Name	Status	Monitoring	Remote Control
RabbitMQ	Stable	Yes	Yes
Redis	Stable	Yes	Yes
Mongo DB	Experimental	Yes	Yes
Beanstalk	Experimental	No	No
Amazon SQS	Experimental	No	No
Couch DB	Experimental	No	No
Zookeeper	Experimental	No	No
Django DB	Experimental	No	No
SQLAlchemy	Experimental	No	No
Iron MQ	3rd party	No	No

command on Arch Linux :

yaourt -S rabbitmq

sudo systemctl start rabbitmq

安裝 Celery 

要裝 Celery 沒有什麼特別的，用 pip 就可以裝，通常再搭配上 virtualenv 做隔離

command :

pip install celery

Application 

Celery 裝完後要做的就是先建立一個 Celery instance (Celery application)，這個 instance 會是所有要交給 Celery 完成的事的 entry-point，所以要讓各 modules 都可以 import

# proj/celery.py

from celery import Celery

app = Celery('proj',
             broker='amqp://localhost:5672',    # 沒寫 port 的話會自動找 5672 port
             backend='amqp://',
             include=['proj.tasks'])    # include 裡面是要跑的 tasks

# Optional configuration, see the application user guide.
app.conf.update(
    CELERY_TASK_RESULT_EXPIRES=3600,
)

if __name__ == '__main__':
    app.start()

寫完 instance 後，可以開始給 task 了

# proj/tasks.py

from proj.celery import app

@app.task
def add(x, y):
    return x + y

@app.task
def mul(x, y):
    return x * y

@app.task
def xsum(numbers):
    return sum(numbers)

啟動 Celery 

接下來可以用 command 啟動 celery

# celery -A ${app instance} worker -l info
# 如果 -A 後面接的 folder 的話，會去找裡面的 celery.py
# 等同於 "celery -A proj.celery worker -l info"
# 如果在 proj 底下的 app instance 檔案叫 mycelery.py 的話
# command 就變成 "celery -A proj.mycelery worker -l info"
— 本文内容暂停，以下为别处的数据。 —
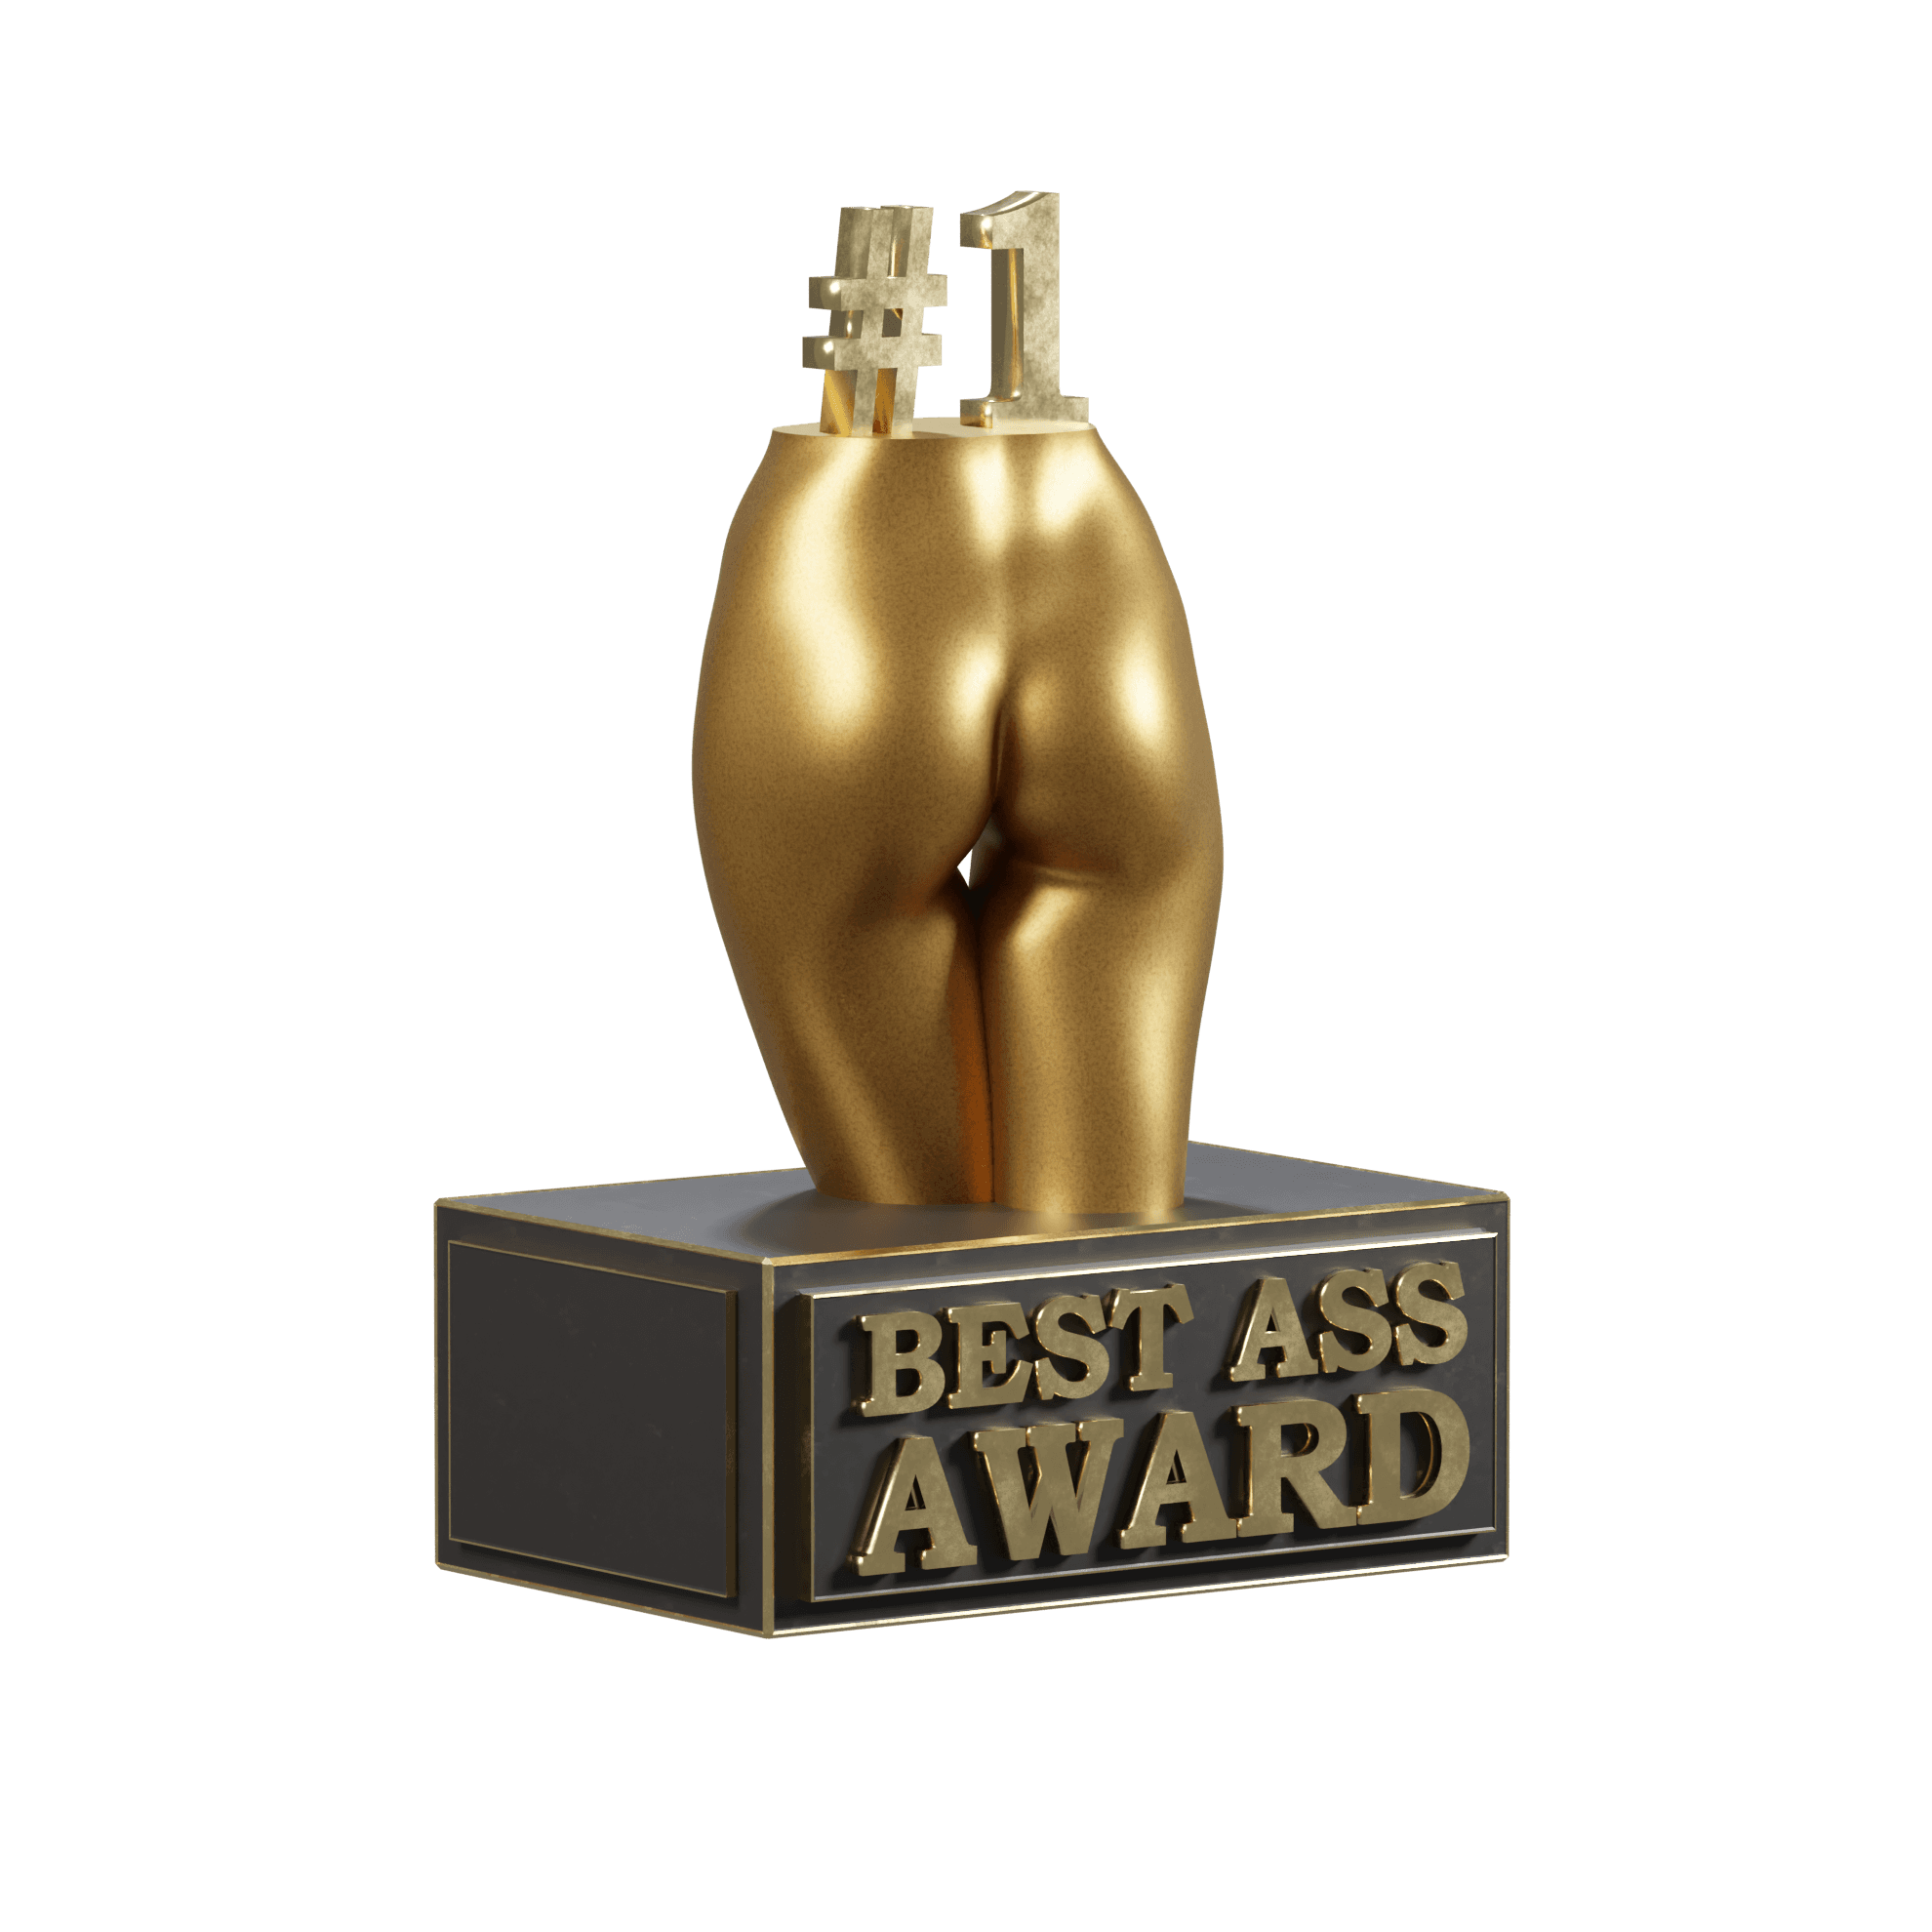 Best Ass Award 3d model

celery -A proj worker -l info

# More Help

celery worker --help

celery help

啟動畫面 :

 -------------- celery@linux-dv v3.1.17 (Cipater)
---- **** -----
--- * ***  * -- Linux-3.17.3-1-ARCH-x86_64-with-arch
-- * - **** ---
1. ** ---------- [config]
2. ** ---------- .> app:         __main__:0x7fc92f14e0f0
3. ** ---------- .> transport:   amqp://guest:**@localhost:5672//
4. ** ---------- .> results:     amqp://
5. *** --- * --- .> concurrency: 8 (prefork)
-- ******* ----
--- ***** ----- [queues]
  -------------- .> celery           exchange=celery(direct) key=celery


[tasks]
   . proj.task.add
   . proj.task.mul
   . proj.task.xsum

開始丟 Task 

from proj.tasks import add

add(4, 5)           # 直接 call 不換產生 task 給 Celery，而是會直接做
add.delay(4, 5)     # 用 delay 會產生 task 交給 Celery，所以是 asynchronous 的
                    # delay 其實 "apply_async" 的 shortcut
                    # add.delay(4, 5) 等同於 add.apply_async((4, 5))
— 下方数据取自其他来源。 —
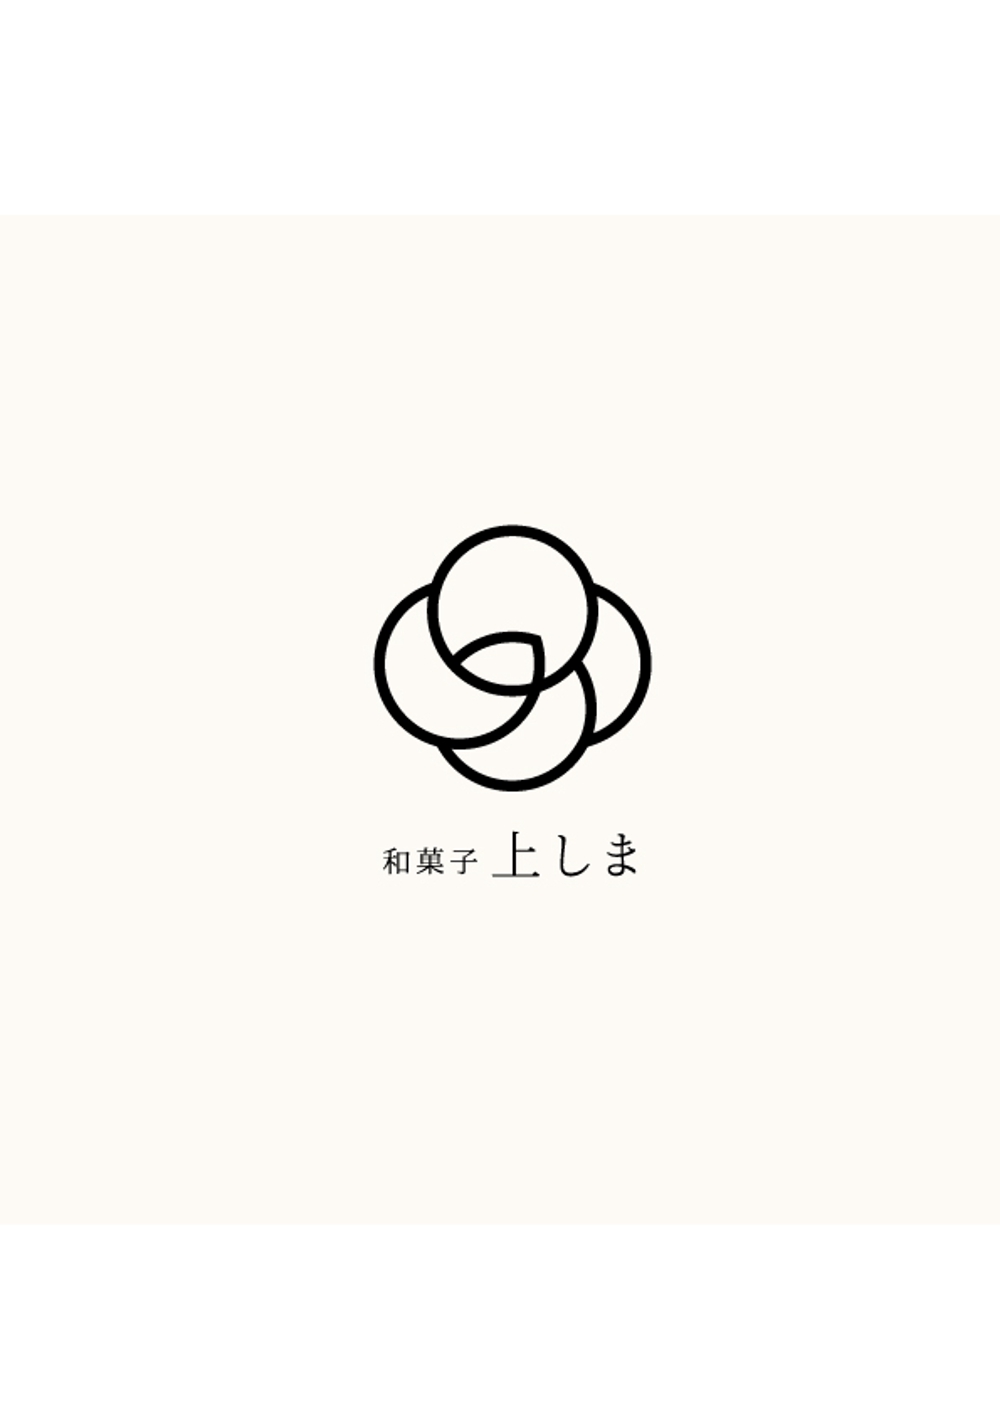 落雁や琥珀糖を作る創業30年の和菓子屋のロゴ作成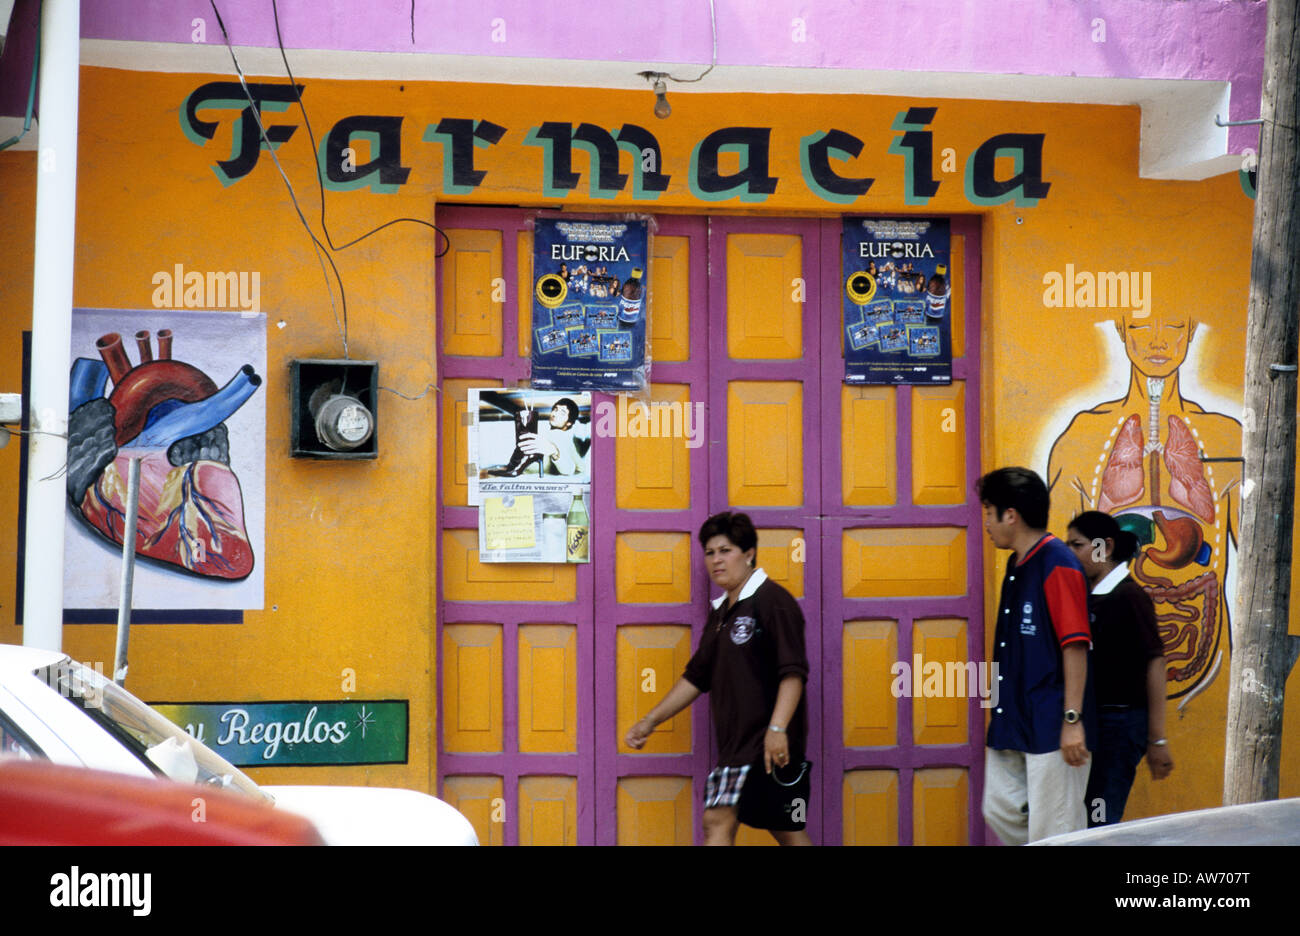 Pharmacy shop front, Merida, Mexico Stock Photo

data = add.delay(8, 9)  # type(data) : celery.result.AsyncResult
data.get(timeout=1) # 取值，等超過 1 秒還沒完成就 timeout，會 raise TimeoutError

data.revoke(terminate=True) # 強制停止 task

強制停止 task (from outside) :

from celery.task.control import revoke

# 參數一是 task id，可以從 celery 的 log 中的得知
revoke("69511b35-dcbc-4f93-9252-e428ed8114f5", terminate=True)

保存結果 

如果要持續監控 tasks 的狀態的話，需要把 Celery 接上 backend 來儲存，內建的 backend 支援有很多種，例如: SQLAlchemy、Django ORM、Memcached、Redis、AMQP (RabbitMQ)、MongoDB 等，或者是可以自己接新的 backend。
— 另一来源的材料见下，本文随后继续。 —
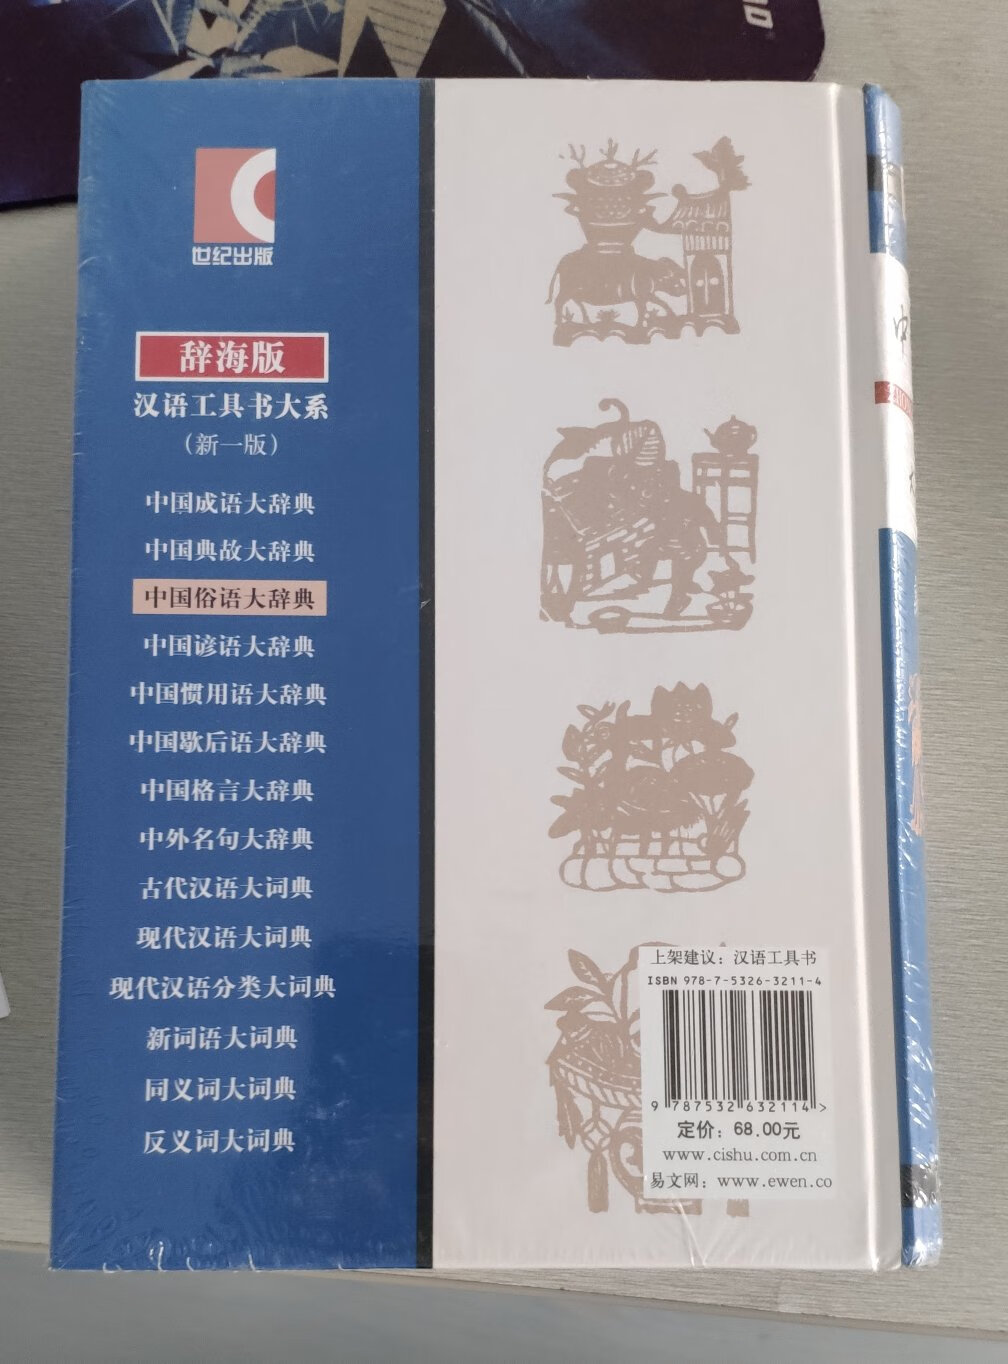 ~公众号推荐的书，买回来，作为工具书使用，上海辞书出版社在辞书这方面还是很权威的。

backend 的設定在 “Celery” 的 backend argument 或是 configuration module 裡的 CELERY_RESULT_BACKEND

AMQP 當 backend :

app = Celery('tasks', backend='amqp', broker='amqp://')

Redis 當 backend :

app = Celery('tasks', backend='redis://localhost', broker='amqp://')

在用 delay 來丟 task 的時候，回傳的會是一個 AsyncResult instance，接著可以用 ready() 這個 method 來確認完成了沒。

result = add.delay(4, 4)    # AsyncResult
result.ready()              # True / False

另外可以用 get() method 來一段等待時間，超過時間還沒完成就 timeout，最後就會拿到 TimeoutError 這個 exception。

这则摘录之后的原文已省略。